EXERCISE INSTRUCTIONS: Extract the whole listing as it stands. Do not include the pictures.

*** GIVEN INFORMATION ***

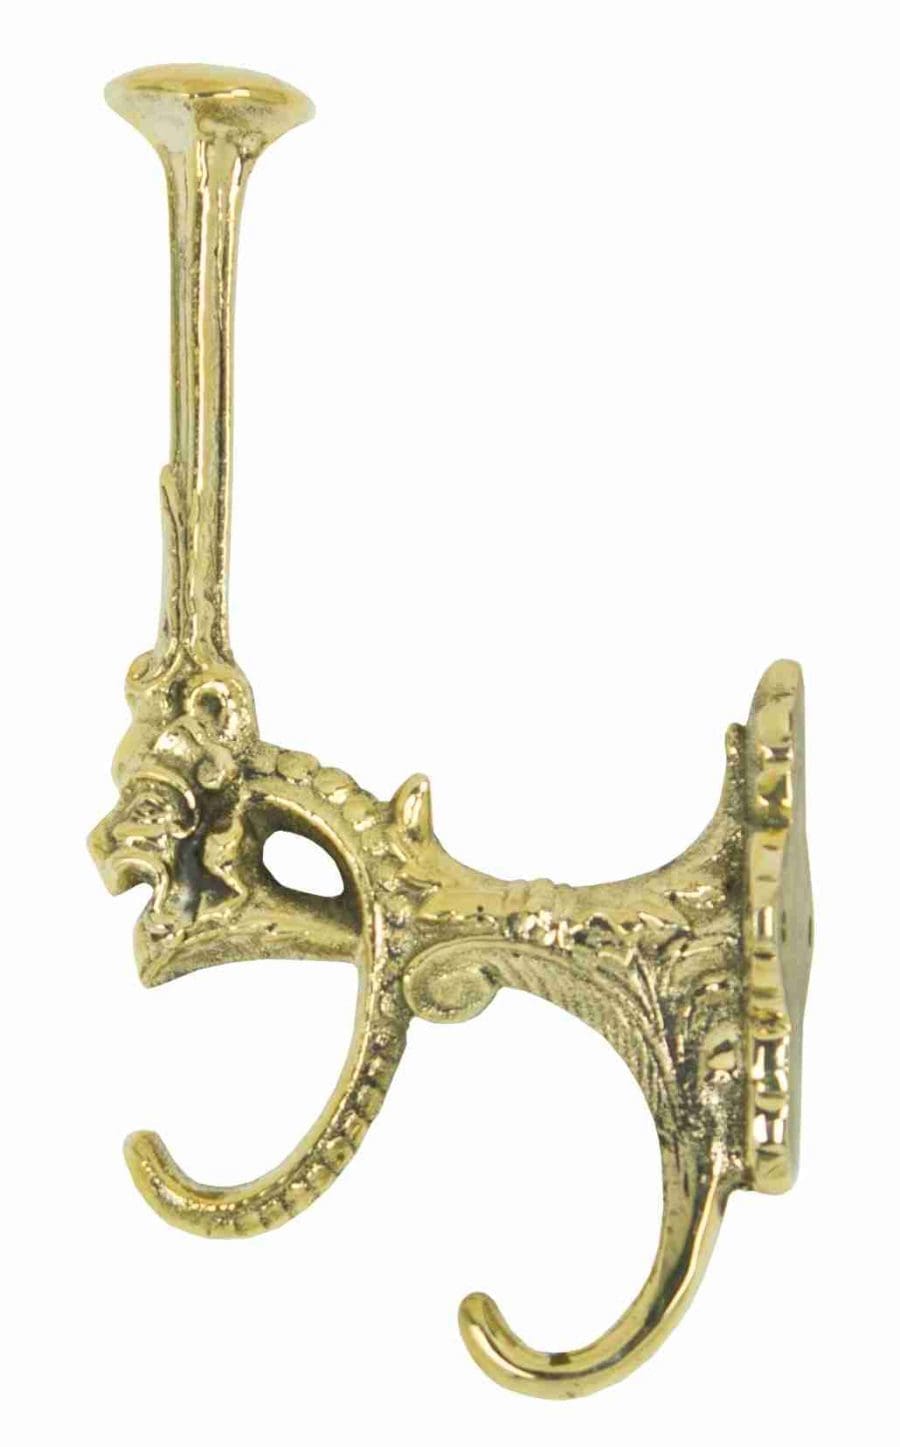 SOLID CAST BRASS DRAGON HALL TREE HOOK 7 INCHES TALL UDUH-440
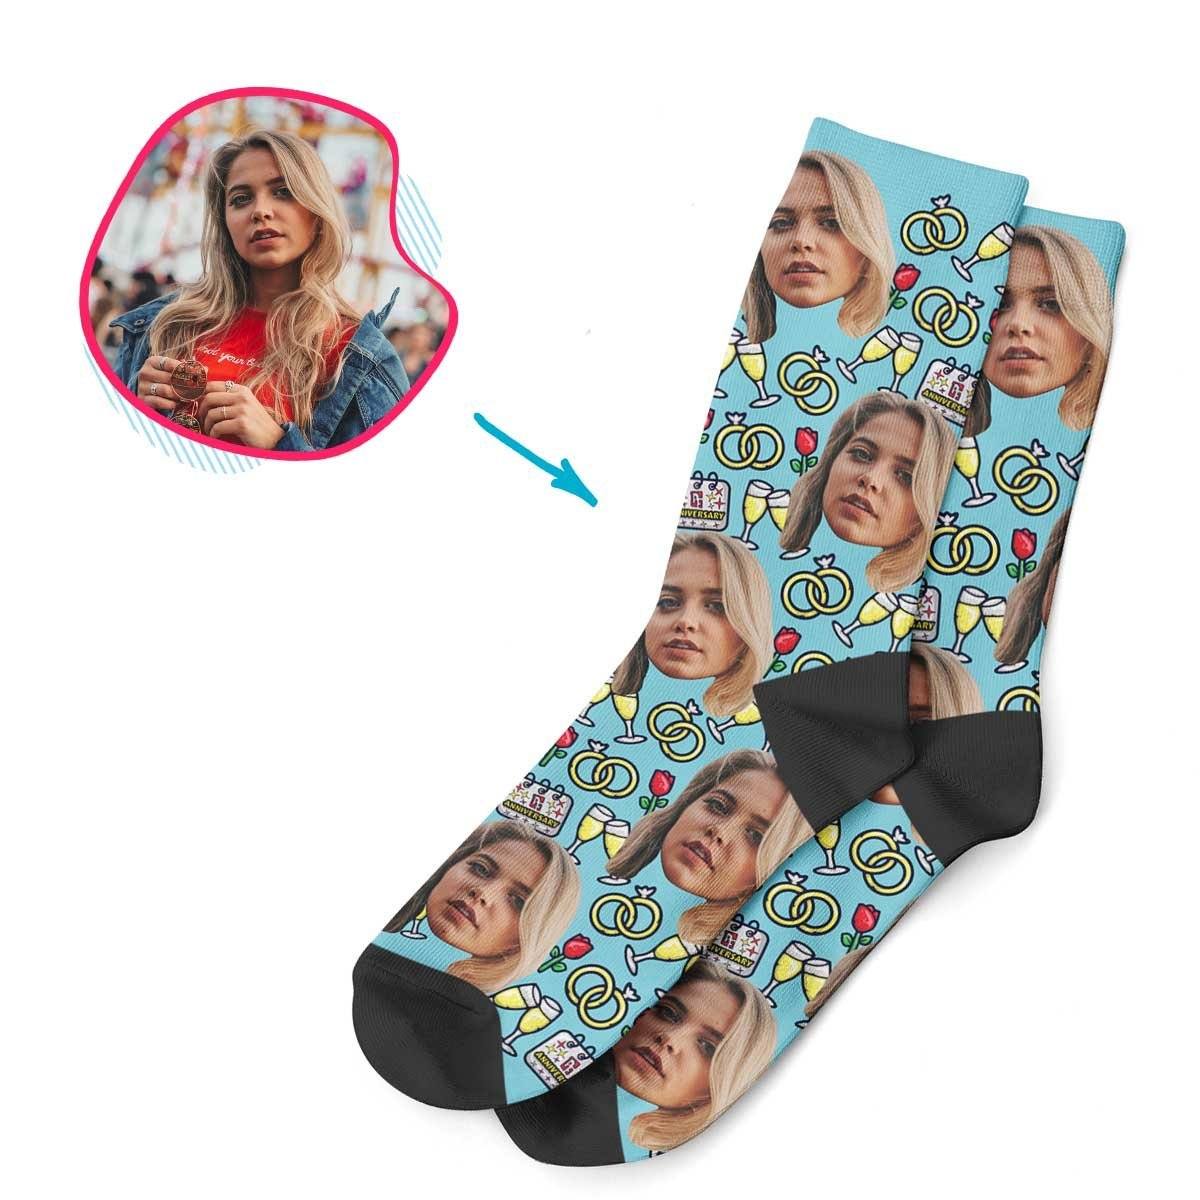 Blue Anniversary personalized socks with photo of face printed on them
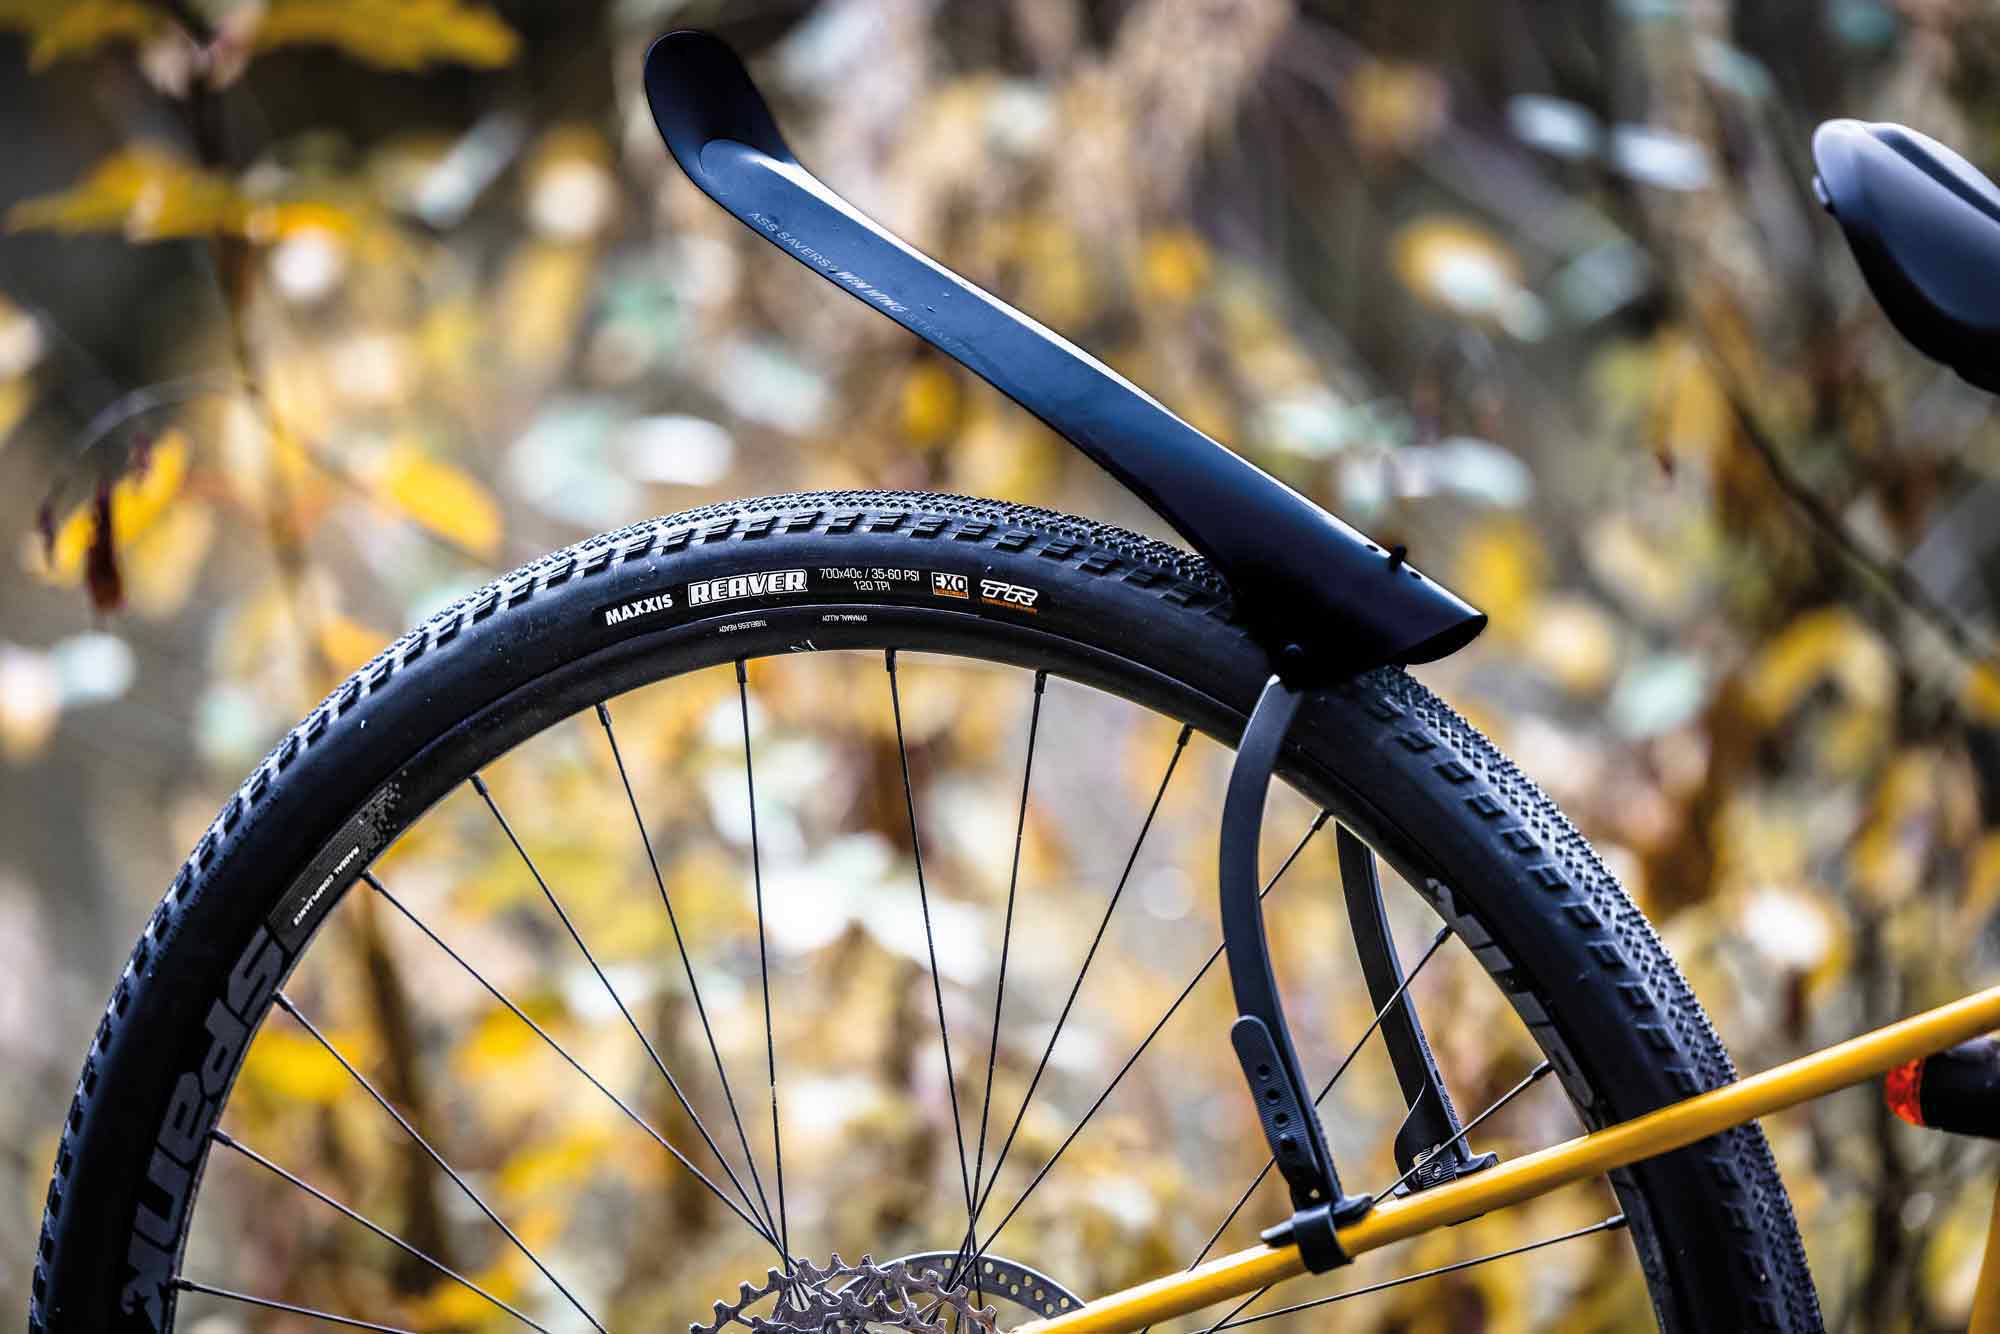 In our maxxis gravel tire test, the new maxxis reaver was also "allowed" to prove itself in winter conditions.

*** End of GIVEN INFORMATION ***

WORKED SOLUTION:
 SOLID CAST BRASS DRAGON HALL TREE HOOK 7 INCHES TALL UDUH-440
 Blue Anniversary personalized socks with photo of face printed on them
 In our maxxis gravel tire test, the new maxxis reaver was also "allowed" to prove itself in winter conditions.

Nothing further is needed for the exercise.